Leonard stiffens. “So that’s your plan? Come here guns ablazin’ to “rescue” me?” He makes the appropriate quotation marks, and then narrows his eyes. “I don’t need anyone to save me.” His muscles are tight all across his scarred back. Jim can see his jaw clenching. “No one thought it was important enough.” 

Jim hears the implications. No one thought he was important enough. “But we tried looking for you, Bones,” Jim offers. 

Leonard inhales. “I know. Your dad did. I just stayed under until they weren’t looking for me anymore.” 

“Why?” 

“Jim, don’t be ignorant. I wasn’t old enough to declare state independence. What would they have done?” Leonard is resigned now, no fight in his voice. “Put me in a state ward? No, thanks. I’ve seen my father treat some of the kids that come out of there.” He shuts the cabinet door, and turns to pour himself more alcohol. “Your dad’s a good man, Jim. Don’t forget that.” He smiles ruefully. “Even when it got hard, he and your mom always tried to come by, to see my mom.” He snorts. “Of course, my dad wouldn’t let them in.” 

“So you were old enough to decide that selling yourself is a better route.” Leonard ignores the jab. “Bones, you’re much better than this. There are places that can help –” 

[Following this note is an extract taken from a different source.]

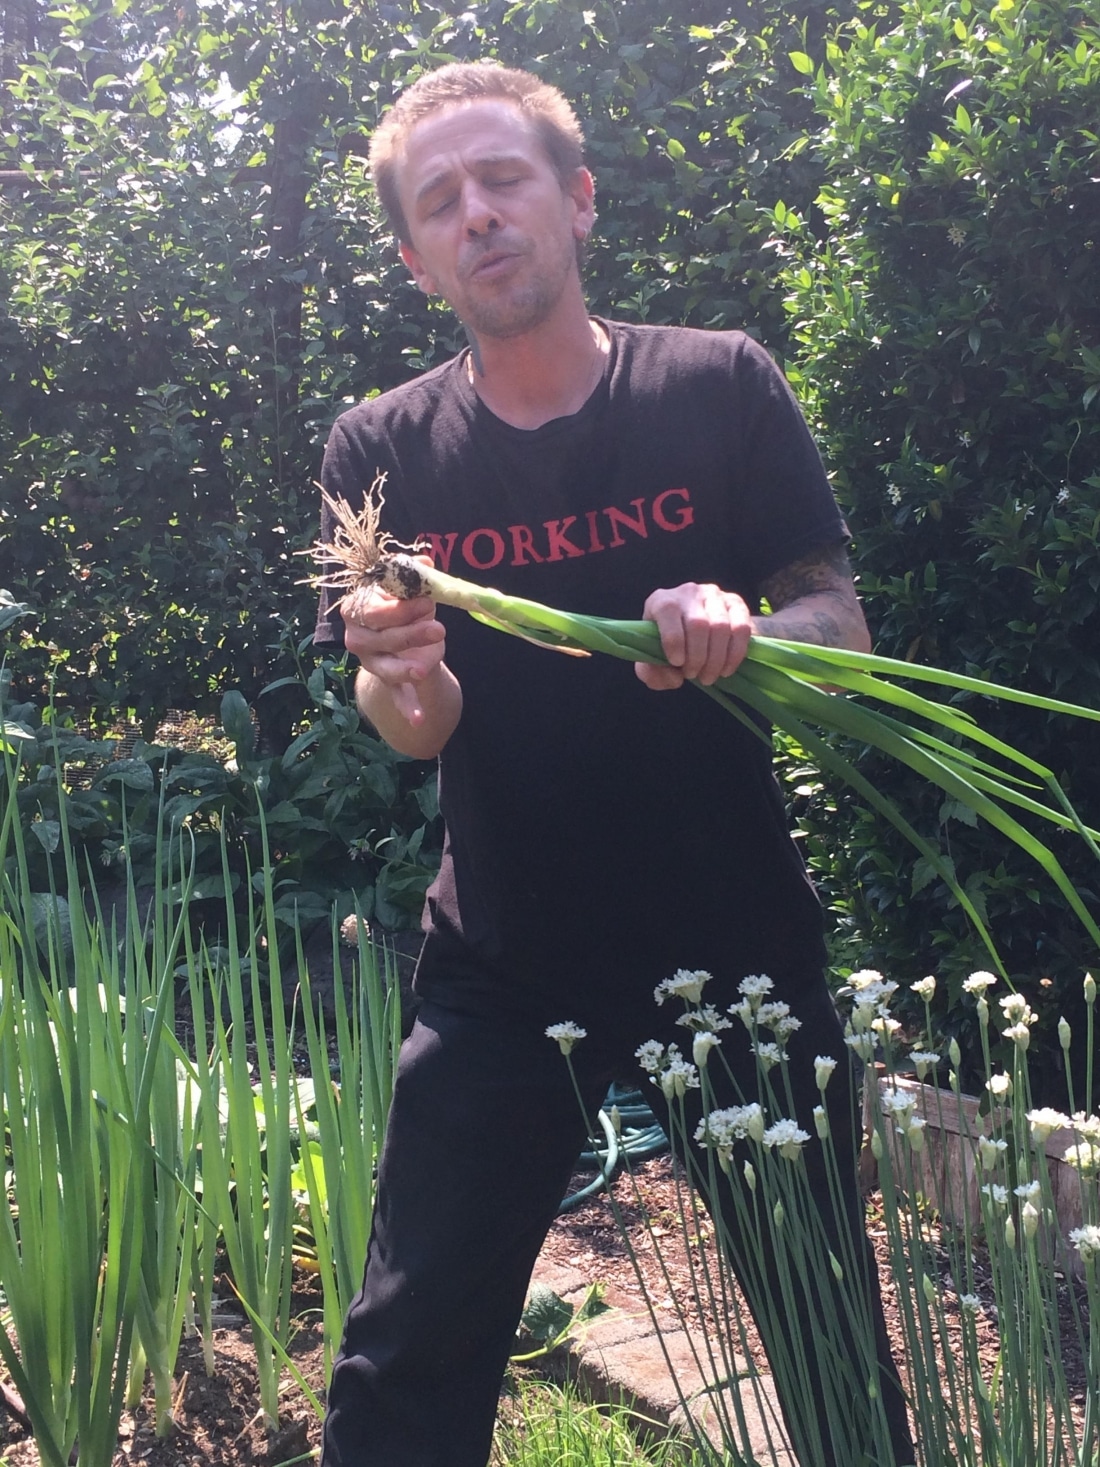 Matt Schmidt, IslandWood’s Banquet Sous Chef, holding green onions in the garden.

“So what? What place is going to accept a high school dropout with no real work experience because he’s spent the last five years doing this – “ Leonard gestures wildly at himself, before slouching into himself. “It’s all I’ve got, Jim.” 

“Starfleet,” Jim says, and now he’s parroting the Starfleet recruiter who came for Sam. “Starfleet would be willing to offer you scholarships. They’re paying my way through.” 

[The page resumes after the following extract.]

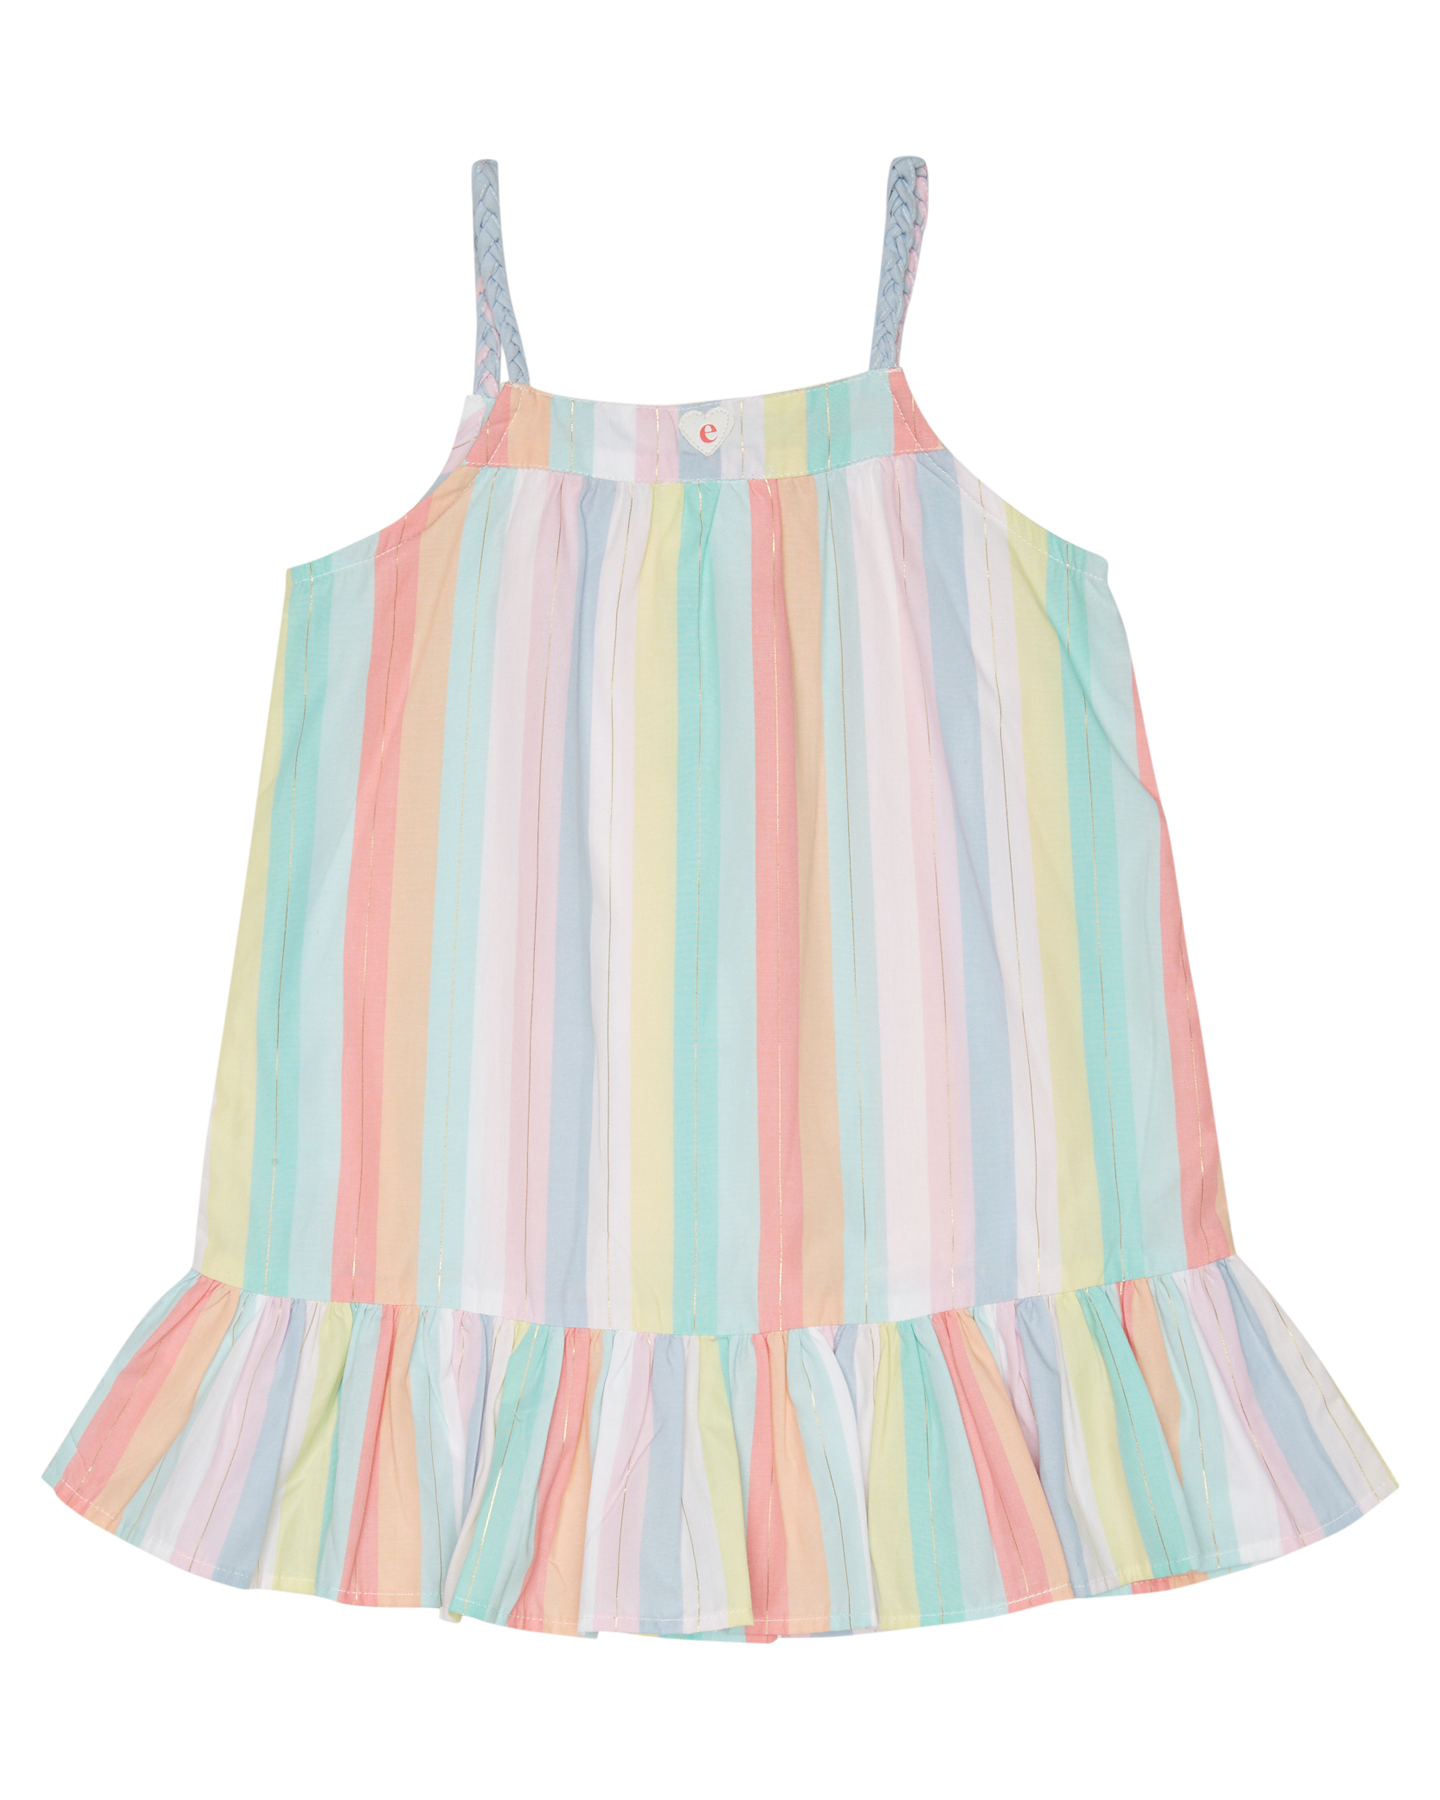 Eves Sister Tots Girls Carnival Dress - Multi Stripe | SurfStitch

Leonard snorts. “Starfleet’s paying your schooling, huh? Different name for the same thing,” he mocks. “I don’t want to owe anyone anything.” They’ll hold it against me is unspoken, but Jim sees it in Leonard’s expression. 

“Look,” Jim tries again. “You have options. You did well in your test scores. You can get out! Starfleet offers full scholarships, and you’re bright enough, I’ve seen you –” 

Leonard explodes at this, smacking his palm on the table. “Starfleet! Starfleet couldn’t fix my mother when she contracted some rare alien disease when she and my father were off on one of their humanitarian missions, and when my father could no longer balance my mother and his work, they let him go! What use will they have for me?” He stands there, gripping the table, chest heaving from the outburst. 

Jim stares at him. His mouth opens on its own accord, the words tumbling out, unavoidable, like when he fell off a roof. “Man, I liked you better when you were a cranky ass bitch, and not this depressed selfish asshole.” Wait, I don’t mean it! Jim’s brain wails, but it’s too late. 

Leonard gazes at Jim, his face carefully devoid of any emotion. When he finally speaks, his voice is sad. “Yeah, Jim Kirk. I liked myself better when I was a cranky ass bitch too. At least I was my own bitch and not someone else’s.” 

Jim sees it so clearly, Bones’ insecurity and desperation, his faltering grip on his pride and dignity. He should push Bones, Jim thinks. If he pushes this issue, Bones will give in. He’ll leave with him, get cleaned up and checked out, and he can make something of himself. He forces himself not to add the with me to this last thought. 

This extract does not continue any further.